Reidemeister torsion \(\tau_\rho(X)\) is an invariant associated to a finite CW-complex \(X\) and a representation \(\rho: \pi_1(X) \to \mathrm{SL}(V)\) on a finite-dimensional vector space \(V\) which is acyclic (that is \(H^*(X; \rho) = 0\)). By convention it is 0 if \(\rho\) is not acyclic.
Twist knots are an infinite family of knots given by very simple diagrams. For such a knot \(K\) with complement \(E_K = \mathbb S^3 \setminus K\) the fundamental group \(\pi_1(E_K)\) has many representations to \(\mathrm{SL}_2(\mathbb C)\), parametrised by the character variety. In fact in this case the representations can be explicitely parametrised by the affine curve in \(\mathbb C^2\) given by the “Riley polynomial” associated to the diagram.

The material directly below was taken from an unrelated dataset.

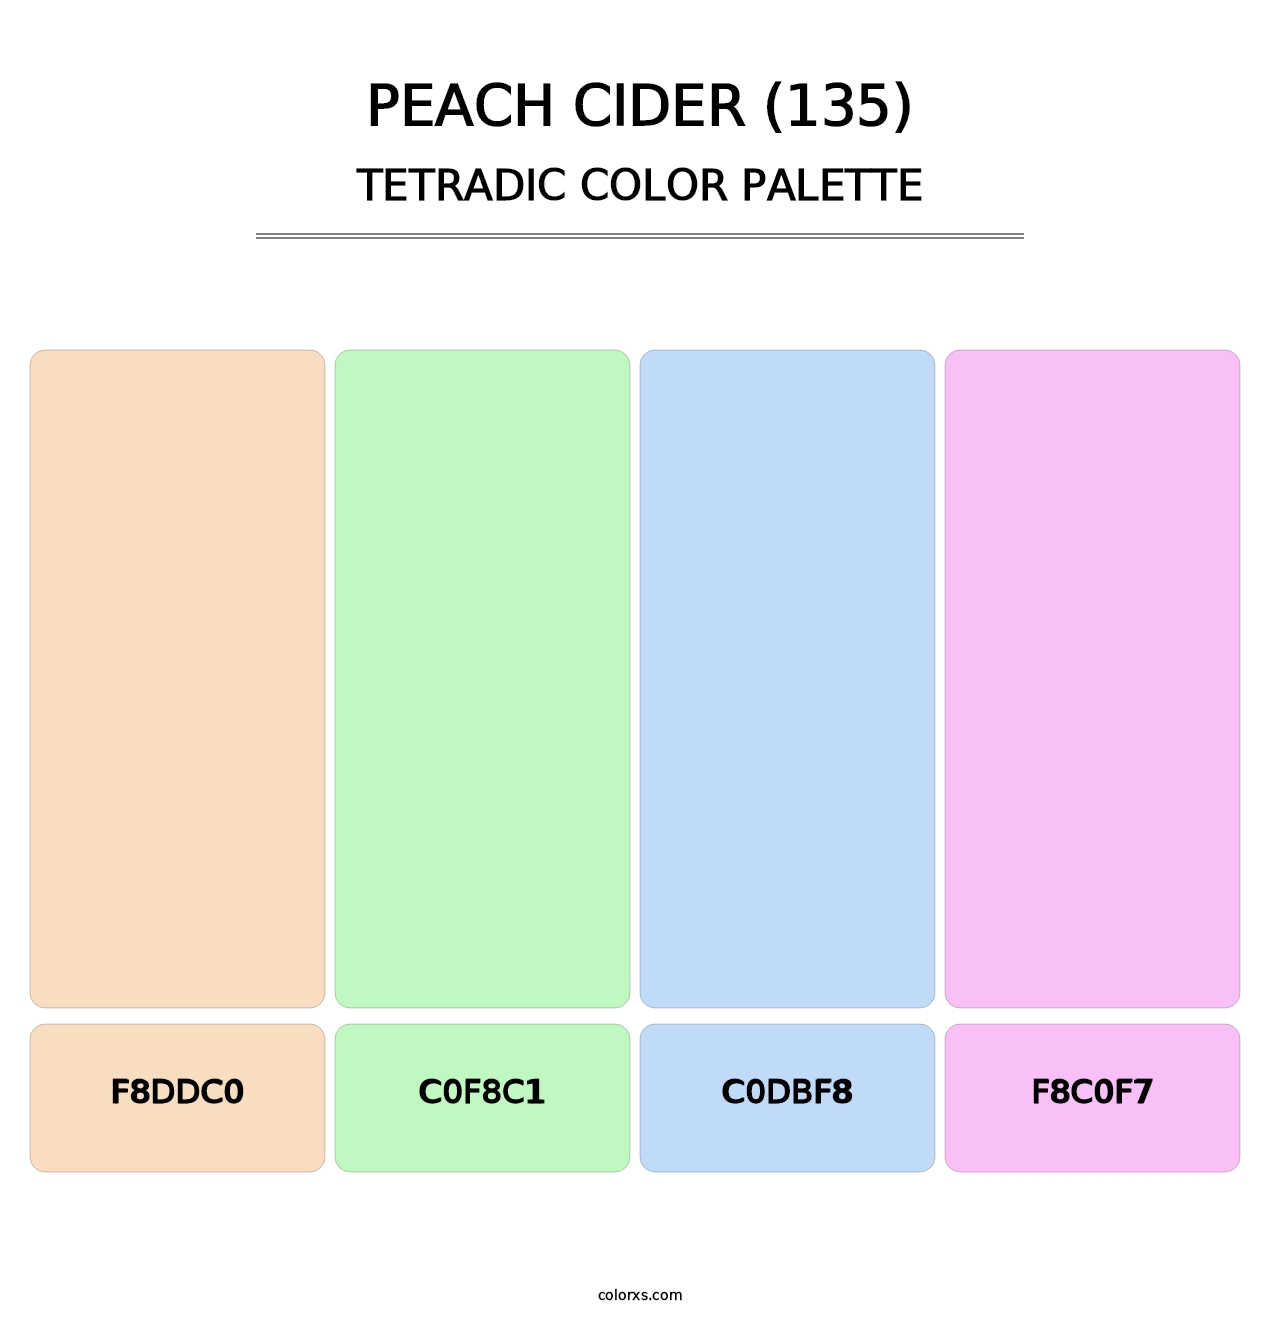 Peach Cider (135) - Tetradic Color Palette

In this paper the author computes the Reidemeister torsion \(\tau_\rho(E_K)\) for these representations, as an explicit function in the trace functions associated to explicit words in the generators. That is, he gives elements \(g, h \in \pi_1(E_K)\) and a rational function \(F\) such that \(\tau_\rho(E_K) = F\left(\mathrm{tr}(\rho(g)), \mathrm{tr}(\rho(h))\right)\).
For \(q \geq 1\) performing \(1/q\)-Dehn filling on \(E_K\) produces a closed 3-manifold \(M\). The \(\mathrm{SL}_2(\mathbb C)\)-character variety for \(M\) is a subvariety of that of \(E_K\), and the paper also computes the Reidemeister torsion for \(M\) in terms of the same traces and an additional parameter \(u\).